While on my search for new software for my Palm, I checked out Weight Commander for the PC. It wasn’t what I needed, but it was an interesting program.
It doesn’t allow you to keep track of your food or exercise. It’s not a nutrition or exercise log, it is strictly to keep track of your weight. It recommends that you weigh every day and input the weight into its system. Every day it gives you a little word of warning or information.

My one problem is that I tend to lose weight in drops. I’ll stagnate for days or even weeks on end and then have a sudden drop in weight on one day. When I had this, Weight Commander chided me for losing weight too quickly and told me to slow down. I know my body and that sudden weight loss was the accumulation of days of eating healthy and exercising while the scale didn’t move, so I was bothered by the admonition to slow down.
The best advice that Weight Commander gave me before my 5-day trial expired was “Don’t follow the hollow.” That meant, don’t look at your daily weight data, look at the average. Look at the general trend. Is the general trend going up or down or staying the same? Don’t look at today’s weight, look at the weight average.
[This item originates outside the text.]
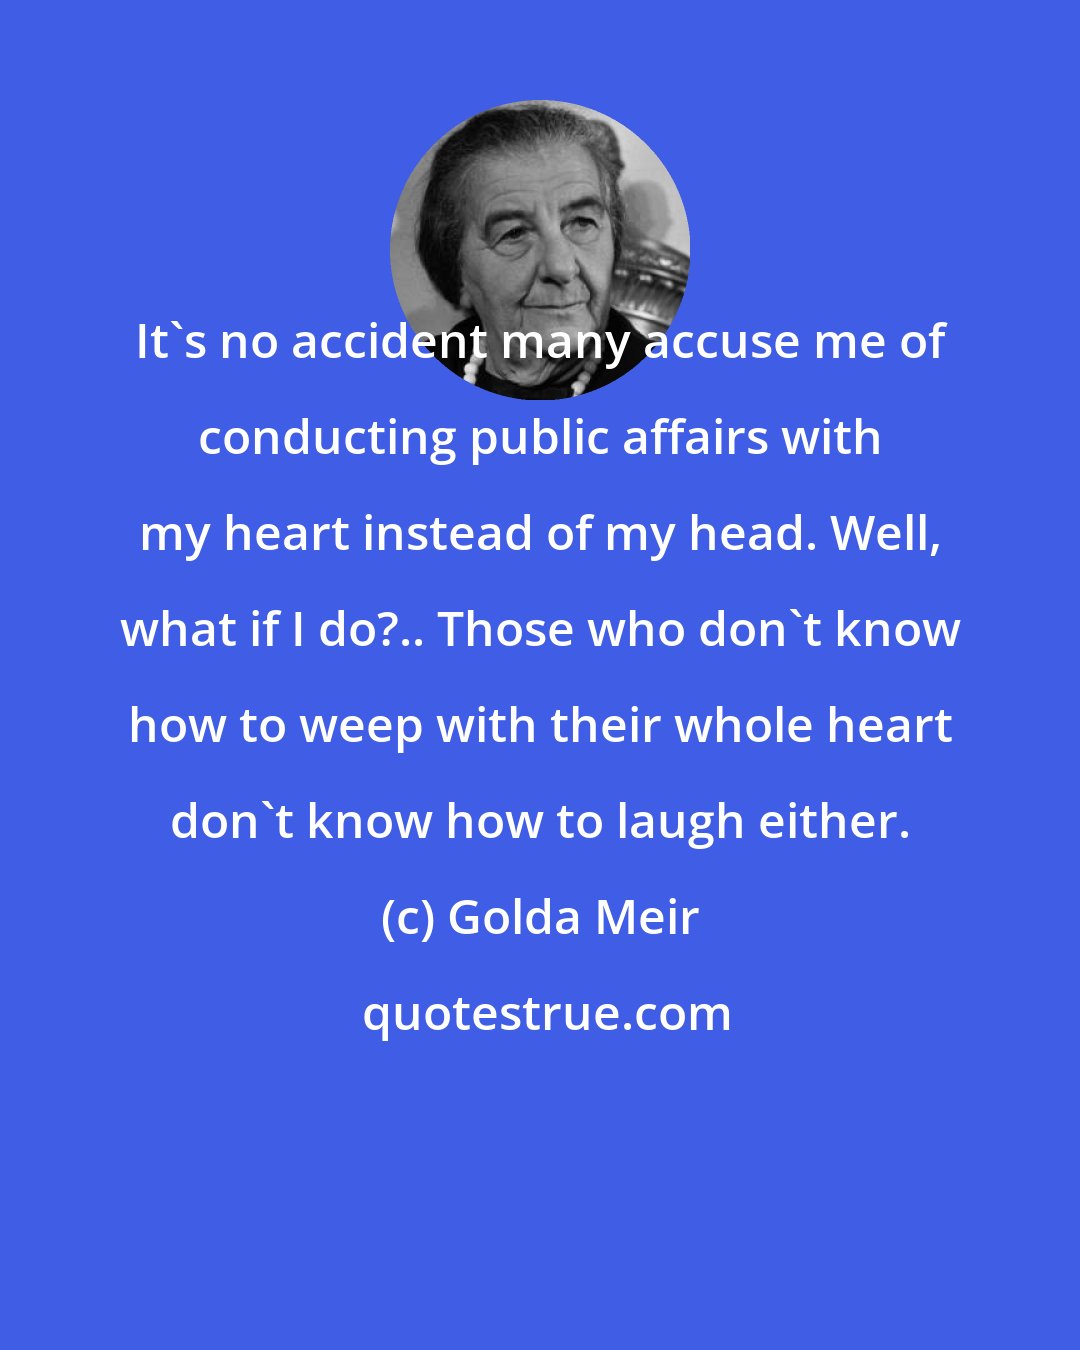 Golda Meir: It's no accident many accuse me of conducting public affairs with my heart instead of my head. Well, what if I do?.. Those who don't know how to weep with their whole heart don't know how to laugh either.
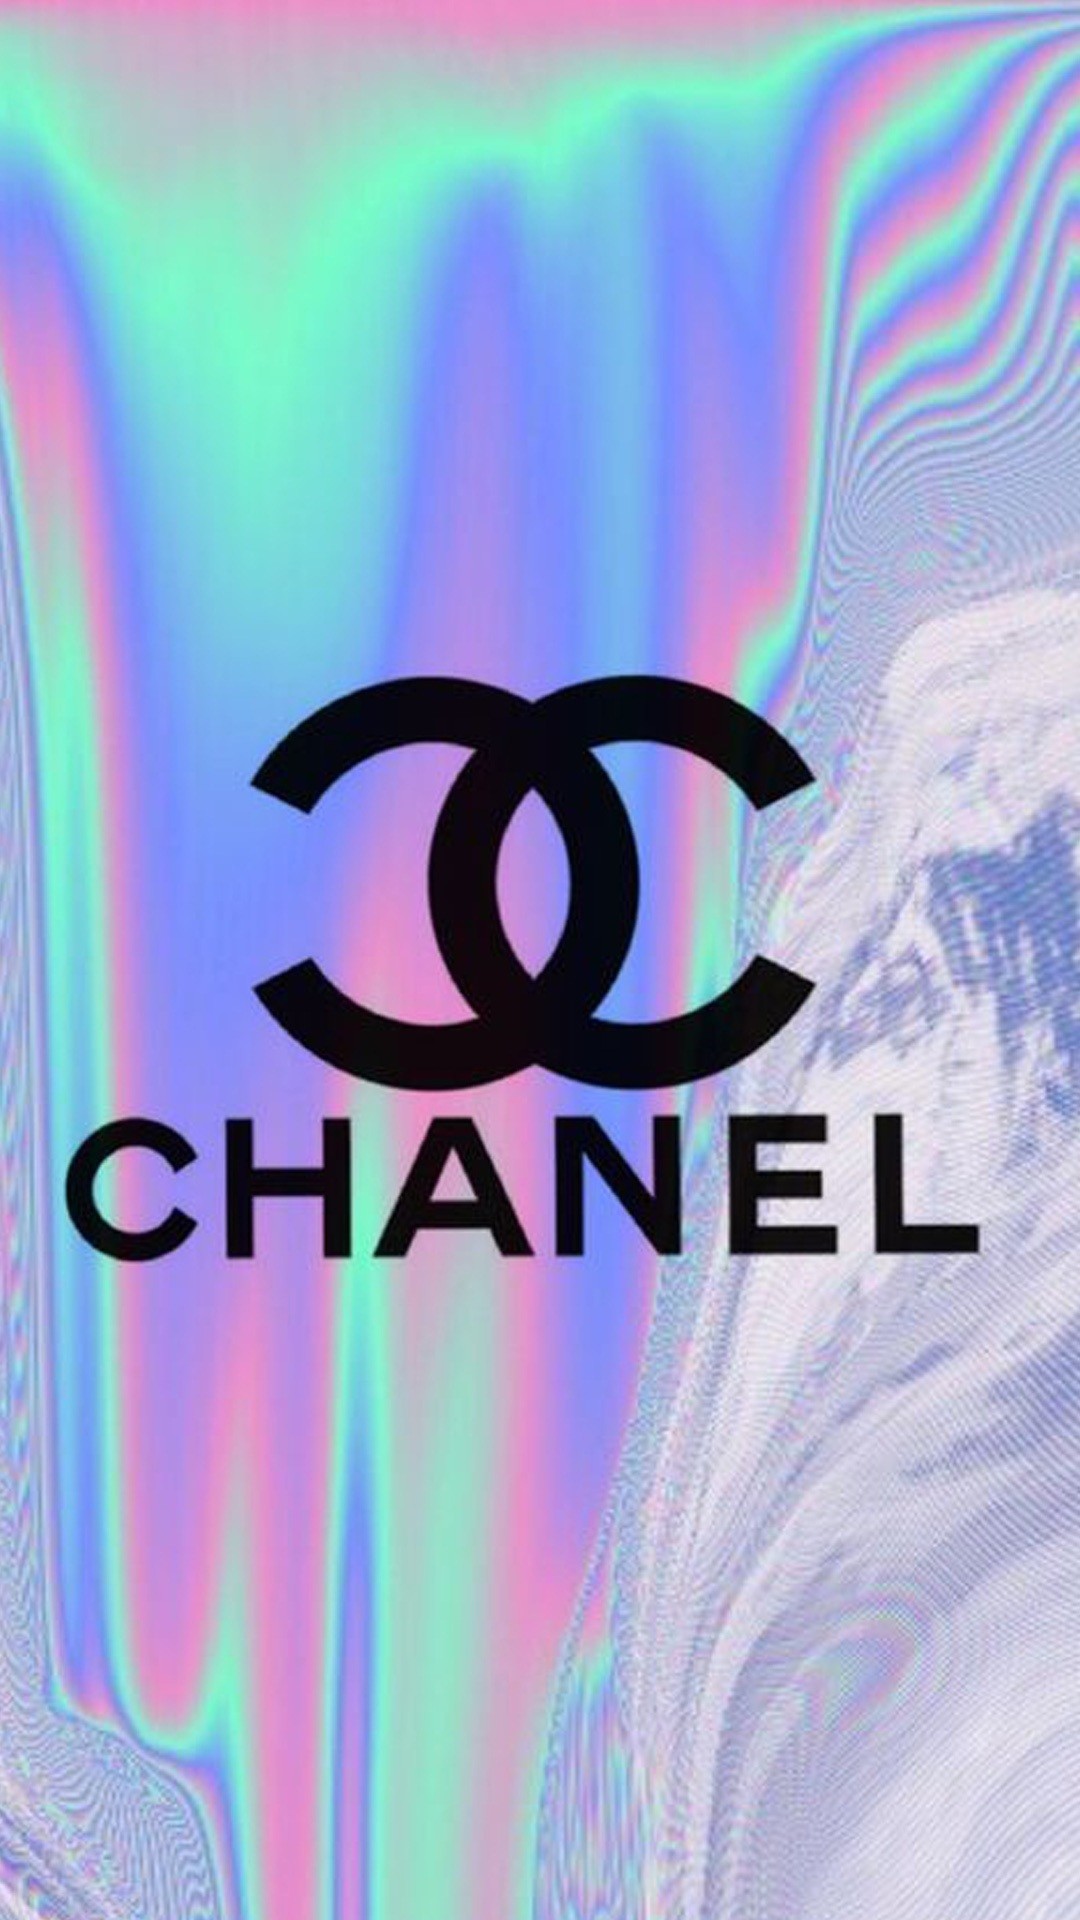 Girly Chanel Iphone Wallpaper Wallpapers For Iphone - Girly - HD Wallpaper

That is really helpful advice when you’re weighing every day. My body weight can fluctuate wildly from day to day, which means that I get ecstatic when I see a huge drop and depressed when it bounces up. “Don’t follow the hollow,” is something that I can remember when I see those big changes.
If you are tracking your weight daily, my weight log and spreadsheet would not work for you. It assumes a weekly weigh-in, but it could be adjusted for a daily weigh-in. If you have Microsoft Excel on your computer, this spreadsheet would do much of what Weight Commander would do without the admonishments.